I do a lot of real estate appraisals for Appraisal Management Companies as well as Real Estate Settlement for private clients.  My value opinion or real estate appraisal must take into consideration all factors that affect value, not just the physical characteristics. The mortgage industry and lenders/bankers must take appropriate steps to ensure that the appraisers they use analyze not only the physical characteristics, but also the “market conditions”.  This includes analyzing listings, contract sales as well as closed or settled sales, and using the most recent and similar sales available as part of the sales comparison approach, with particular attention to sales or financing concessions.
When researching comparable properties for analysis, the first step is to look at the immediate subdivision, the homes within close proximity with similar locational influence.  While researching physical characteristics, such as gross living area, bedroom and bath utility, I also look at the “market conditions”.  
Market Characteristics:
Demand vs Supply Ratio, for a mortgage analysis you will see this calculated on a “Market Conditions Report”
Days on market (DOM) - This is the number of days a property spends listed for sale. If properties are being snapped up quickly by eager buyers, then demand might exceed supply.
Discounting – This is the difference between the original listing price and the eventual sale price. If buyers are eager, sellers don’t need to drop their asking price much.
Online search interest (OSI) – This is the number of online searches for property divided by the number of properties available. A high number means there are more buyers than sellers in the market.
Stock on market (SOM) is the number of properties for sale.
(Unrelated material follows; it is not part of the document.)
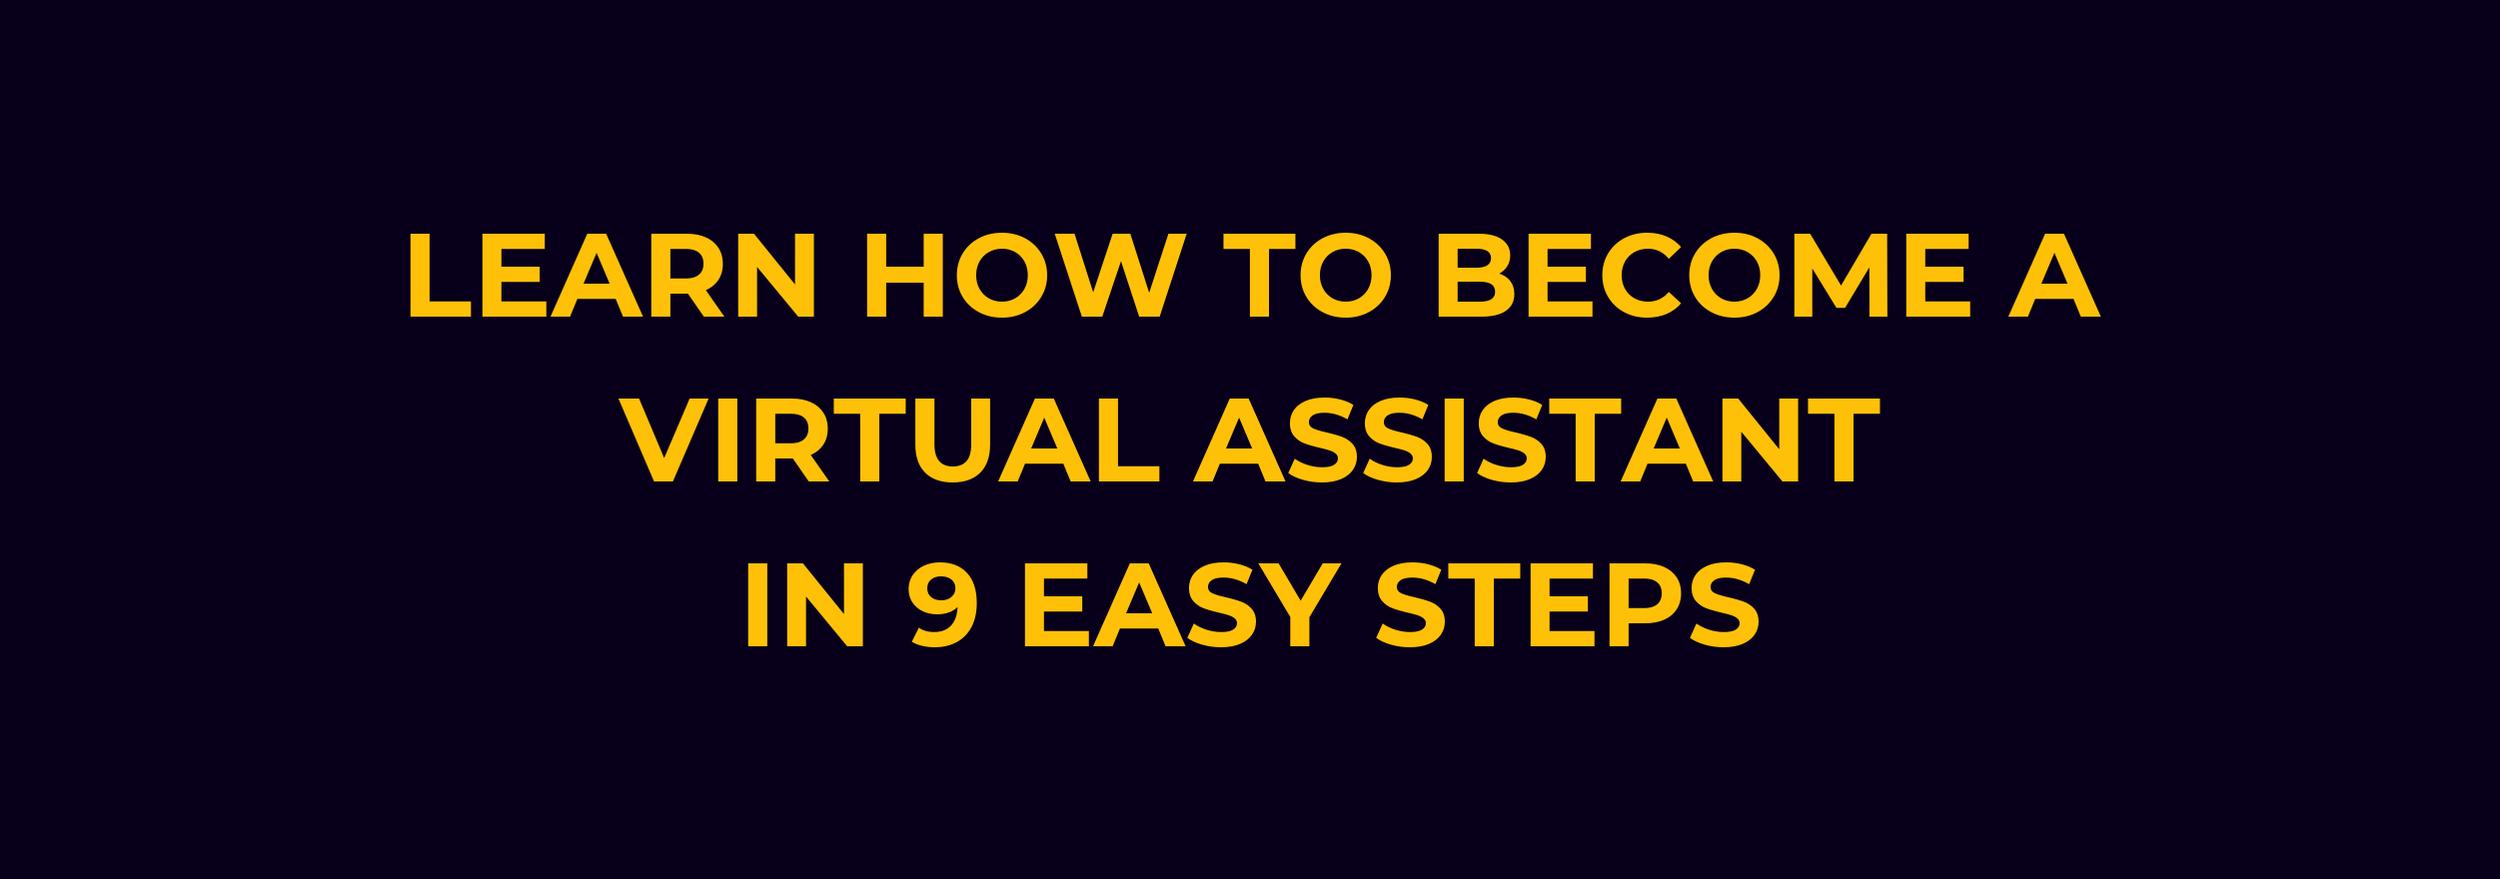 virtual assistant course

The SOM is usually quite large in an oversupplied market. However, this figure can be deceptively low for small markets and deceptively high for large markets. So a better indicator is the percentage of SOM.
Percentage of stock on market -The percentage of stock on market, or the SOM%, is the number of properties for sale relative to the number of properties in the suburb. The vast majority of property markets will have an SOM% of less than 2.5%. 

For private appraisal services, I do the same analysis, however for  mortgage lending purposes, I am required to report on the primary indicators of market condition for properties in the subject neighborhood by noting the trend of property values (“increasing,” “stable,” or “declining”), the supply of properties in the subject neighborhood (“shortage,” “in-balance,” or “over-supply”), and the marketing time for properties (“under three months,” “three to six months,” or “over six months”) as of the effective date of the appraisal. I also must describe the reasons when the trend of property values is declining, supply is an over-supply, or marketing time is over six months. Fortunately we have been enjoying an increasing to stable market in the areas I perform appraisals; Omaha/Council Bluffs Metropolitan, as well as St Petersburg, Madeira Beach, Seminole, Clearwater area in Florida.     

Uniform Standards of Professional Appraisal Practice - USPAP

Did you know the appraisal process begins when you email or call about performing an appraisal?  I am going to ask you a lot of questions, not just your address.  The very first step is to figure out why you need an appraisal, and what are the circumstances.  I am not just being inquisitive.  

"Problem identification" is the first step in any appraisal assignment. Before determining the scope of work for the assignment, (the time which will be involved, the fee I will charge) I must identify the assignment elements as defined by USPAP:

Client and any other intended users
Intended use of appraiser’s opinions and conclusions
Type and definition of value
Effective date of appraiser’s opinions and conclusions
Subject of the assignment and its relevant characteristics
Assignment conditions

From a practical standpoint, I need to identify all of these assignment elements in order to understand the amount of time the assignment may take to complete.

Regardless if the property is in Omaha, Bellevue, Papillion, Council Bluffs, or any other surrounding communuity, we need to identify these specific elements as part of the first step in the process.  Often times clients are surprised I have so many questions, but it is truly necessary to proceed to the next step of the process. 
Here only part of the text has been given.